2″- O -Feruloylisoswertiajaponin (1): yellow amorphous powder; UV (MeOH) λ max: 249, 266, 336 nm; 1H-NMR (DMSO-d 6, 400 MHz) and 13C-NMR (DMSO-d 6, 150 MHz) spectroscopic data, see Table 1; HR-ESI–MS: (m/z 639.1707 [M+H]+ calcd. for C32H31O14, 639.1714).

(2 E )-4- O -vanilloyl-3-methyl-2-butenyl- β - d -glucopyranoside (2): colourless oil; UV (MeOH) λ max: 261, 291 nm; 1H-NMR (DMSO-d 6, 600 MHz) and 13C-NMR (DMSO-d 6, 150 MHz) spectroscopic data, see Table 1; HR-ESI–MS: (m/z 437.1420 [M+Na]+, calcd. for C19H26O10Na 437.1424).

Acid hydrolysis of compounds 1 and 2

Compounds 1 and 2 (3.0 mg each) were dissolved separately in 2 M HCl (3.0 mL) and heated at 85 °C on a water bath for 2 h.

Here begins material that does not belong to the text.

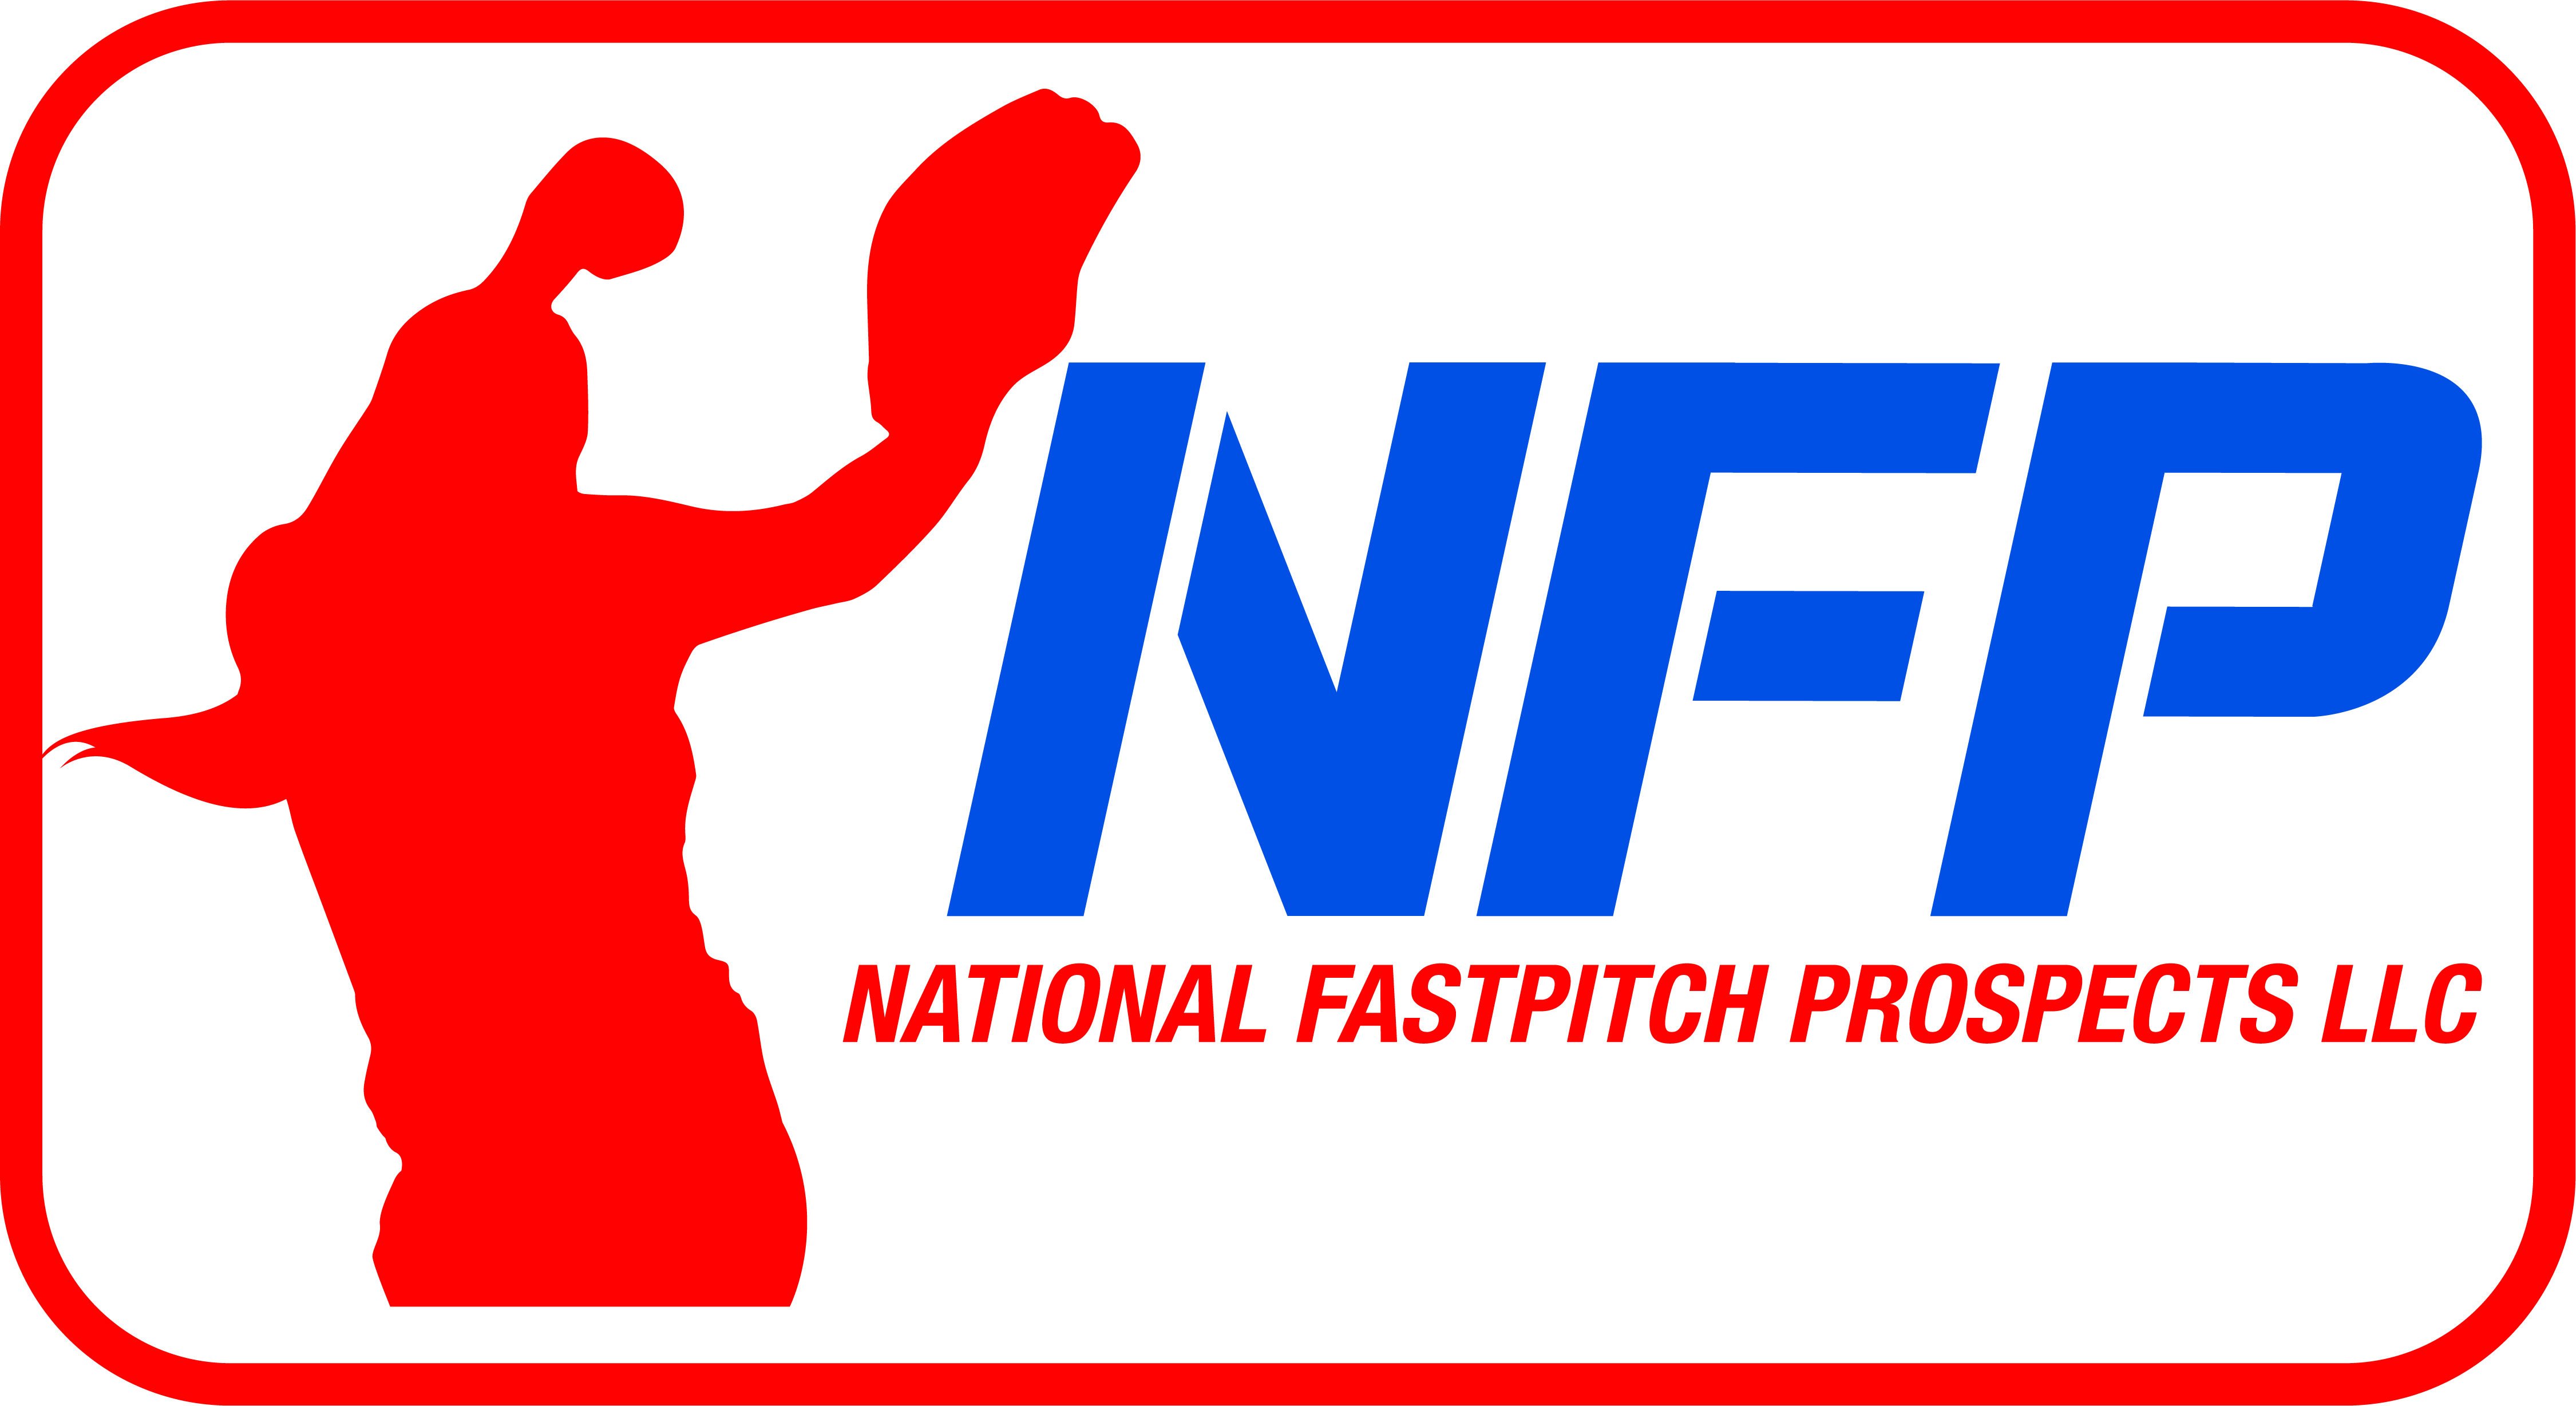 Powered by National Fastpitch Prospects

After cooling, the mixture was extracted with EtOAc (3 × 3.0 mL). The aqueous layer was then evaporated under vacuum to give a residue. The remaining sugar residue was dissolved in water (1.0 mL) and analyzed by HPLC with chiral detection under the following conditions: column (NH2P-50 4E, Shodex Asahipak); detector (JAsco OR-4090); column temperature (28 °C); mobile phase (acetonitrile and water 3:1); flow rate (0.8 mL/min). The peak shape (positive peak) and retention time (12.5 min) was consistent with d-glucose.